Desde o início da pandemia que já foram realizados, em Portugal, mais de 15 milhões de testes de diagnóstico, revelam os dados oficiais. E julho destaca-se como o mês com o maior número (11,1% do total).

Contas feitas pela tutela, foram realizados, em média, cerca de 64.000 testes por dia até ao dia 26 de julho de 2021, o que corresponde ao valor mais elevado desde março de 2020.

“Em 2021, foram realizados, até ao momento, mais de 60% da totalidade dos testes de diagnóstico desde o início da pandemia, com os meses de abril, maio, junho e julho (até 26 de julho) a concentrarem cerca de 40% do número total”, lê-se no comunicado divulgado pelas autoridades de saúde.

Entre os dias 1 e 26 de julho, realizaram-se por cá cerca de 1,66 milhões de testes de diagnóstico, incluindo mais de 740 mil Testes Rápidos de Antigénio (TRAg) de uso profissional, números nos quais não se incluem os autotestes.

Onde foram feitos e quais são

Mais de três em cada dez testes realizados (32,2%) desde o início da pandemia foram feitos no Serviço Nacional de Saúde, 58,5% nos privados e 9,3% na academia/outros. 
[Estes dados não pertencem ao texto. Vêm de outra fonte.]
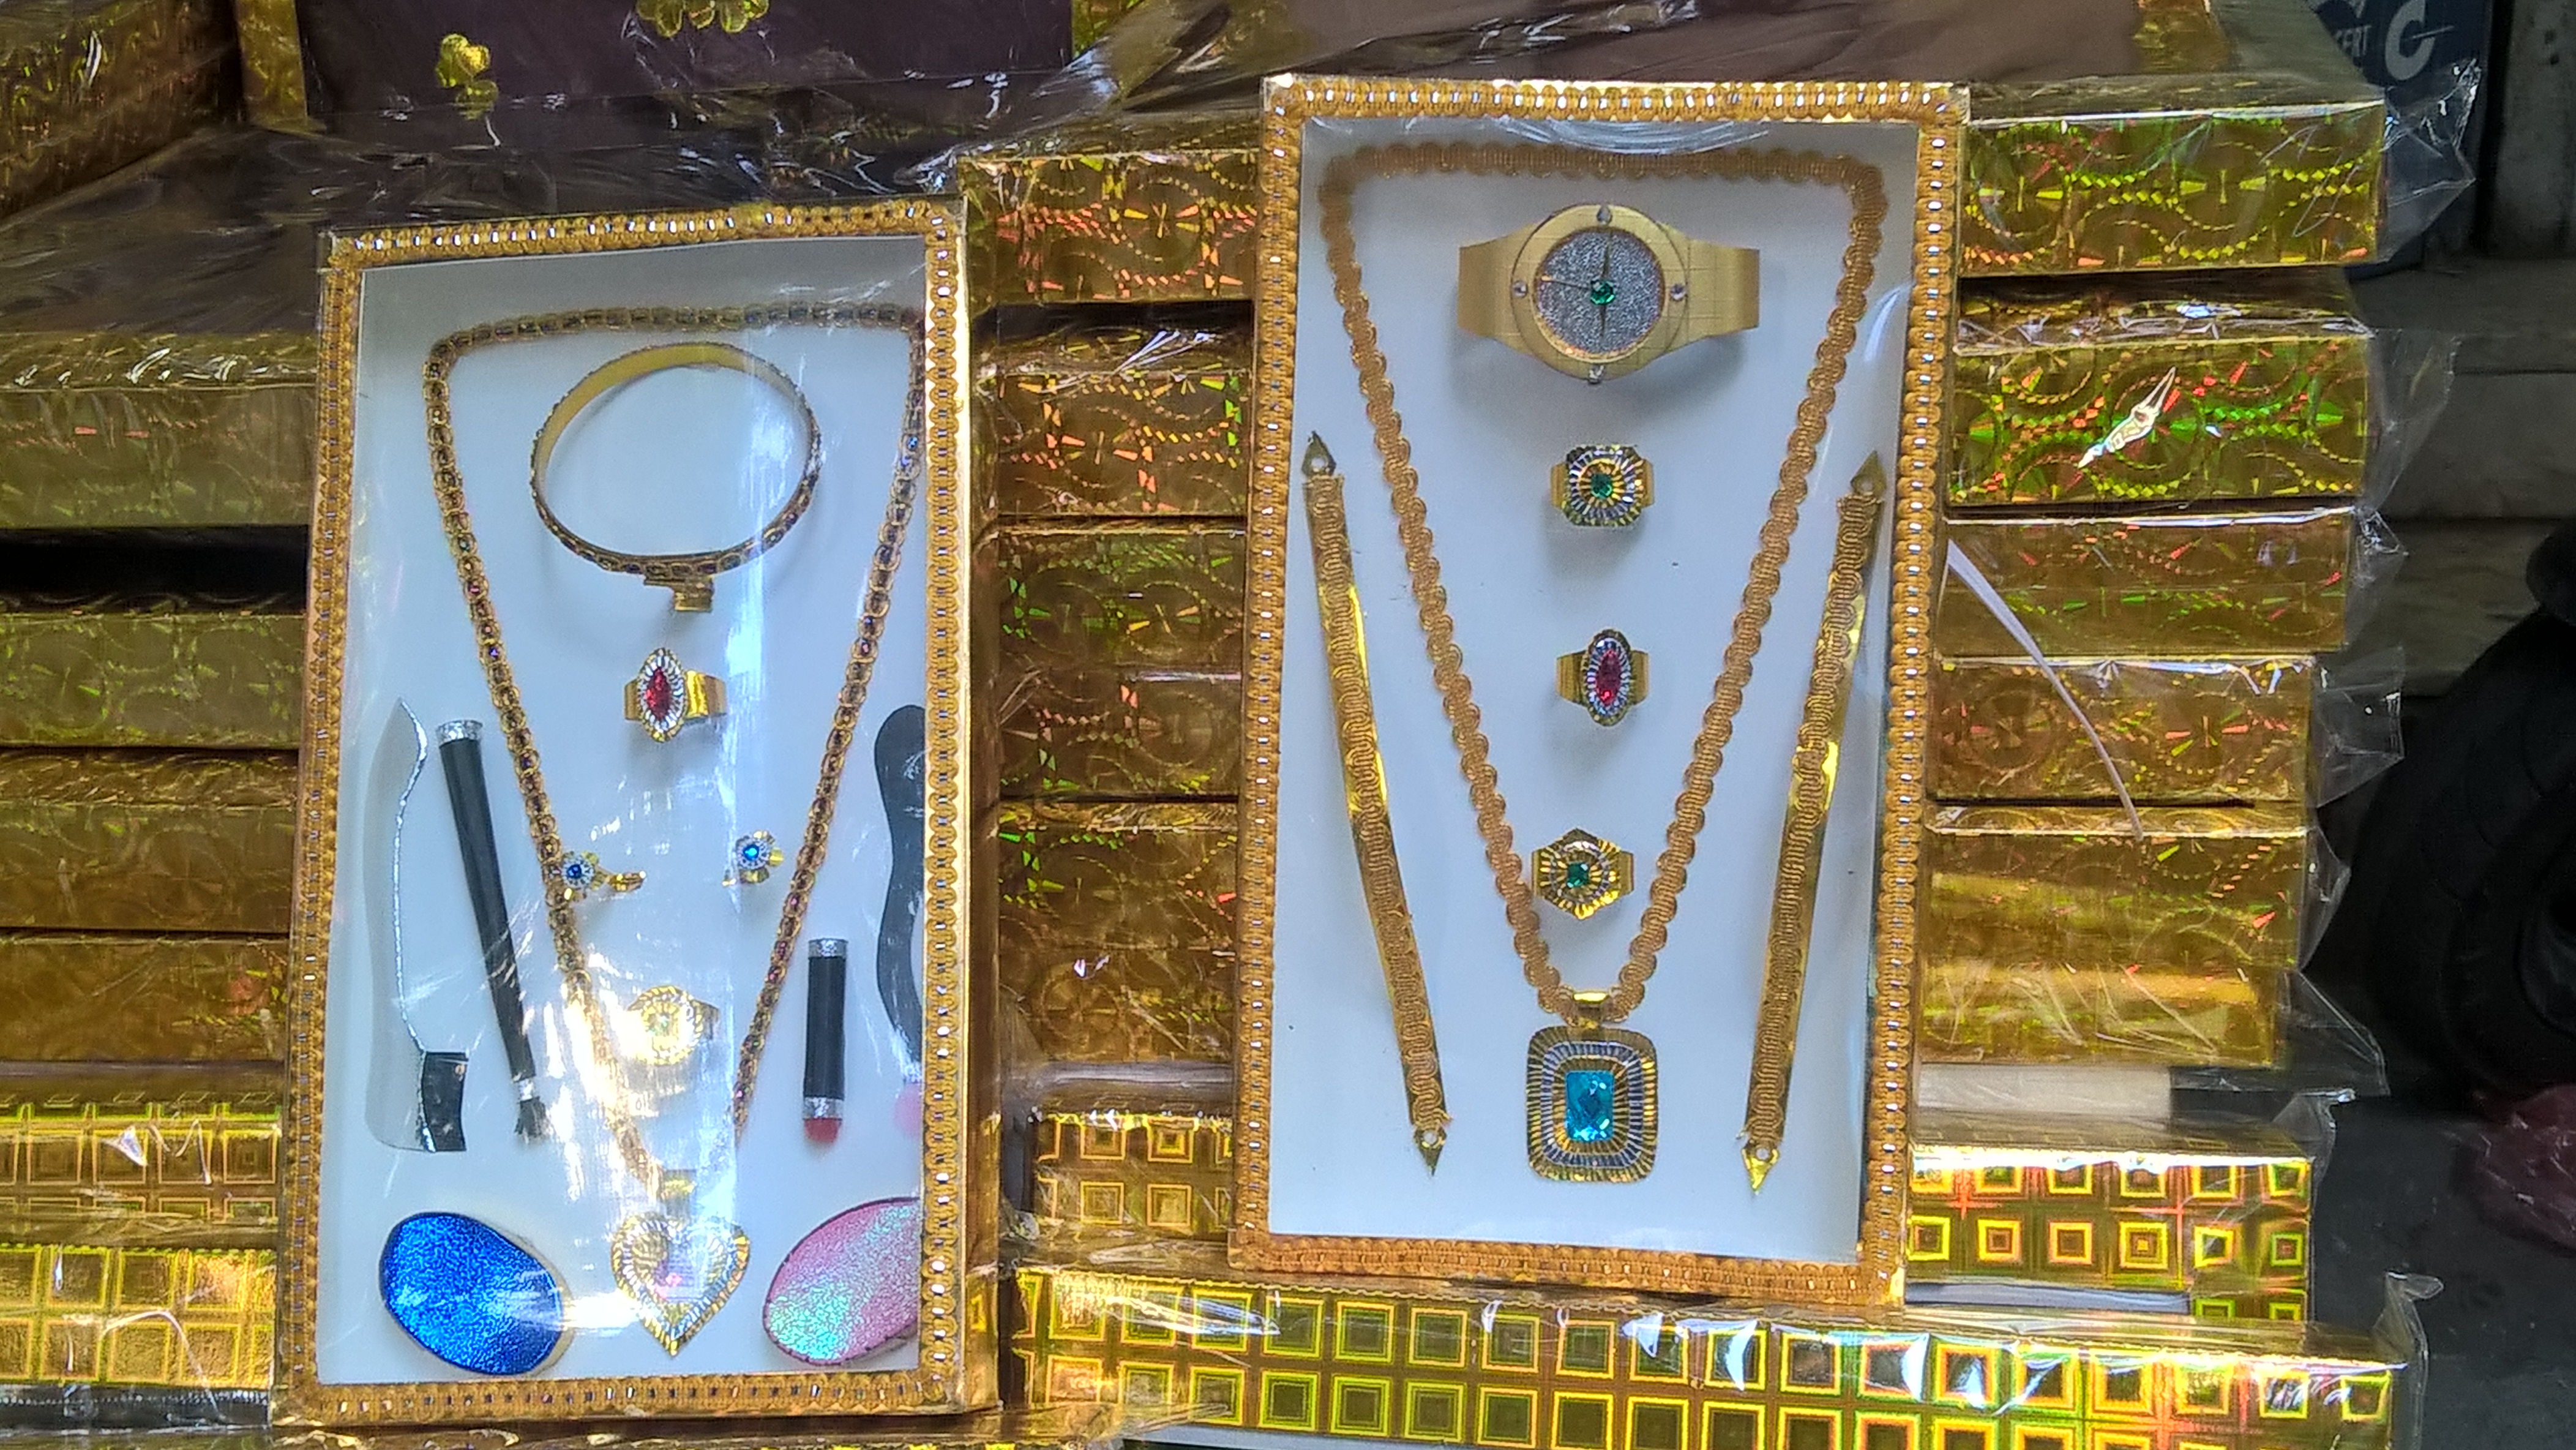 
Vàng, kim cương, dây truyền vàng cũng thiết kế rất đẹp. Theo chủ quán, mặt hàng sang chảnh này lại có giá rất rẻ 80.000 đồng/bộ
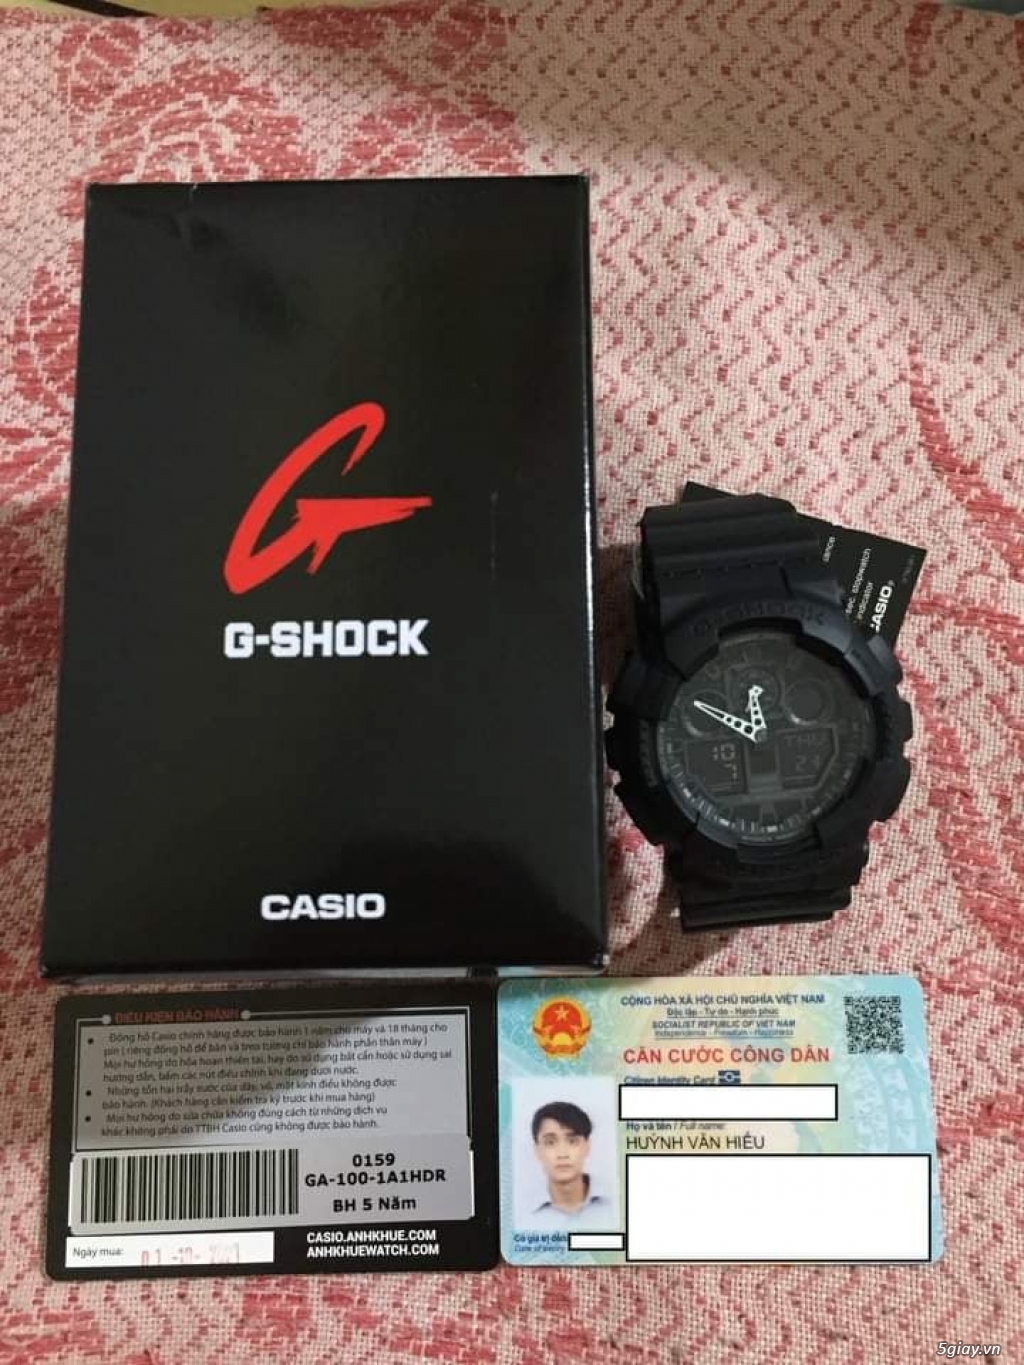 Đồng hồ G-Shock GA-100-1A1HDR - CHÍNH HÃNG - BH 5 NĂM (MỚI)

No que diz respeito ao tipo de testes, realizaram-se cerca de 11,9 milhões de RT-PCR e aproximadamente 3,1 milhões de TRAg de uso profissional.

“Este aumento da testagem em Portugal assenta no plano de promoção da operacionalização da estratégia de testagem em Portugal que tem três eixos de intervenção: testagem dirigida, testagem programada e testagem generalizada.”

Comparticipação dos testes até ao fim de agosto

Foi ainda anunciado que a comparticipação a 100% dos testes rápidos de antigénio (TRAg), que vigorava até ao fim de julho, é alargada até 31 de agosto.

De acordo com uma portaria publicada hoje em Diário da República, 10 euros é o preço máximo para efeitos de comparticipação, existindo uma comparticipação no número de testes comparticipados, que não podem ser mais de quatro por utente por mês.

A comparticipação não se aplica aos utentes que têm o certificado de vacinação (que ateste o esquema vacinal completo há pelo menos 14 dias) ou o certificado de recuperação, nem aos menores de 12 anos.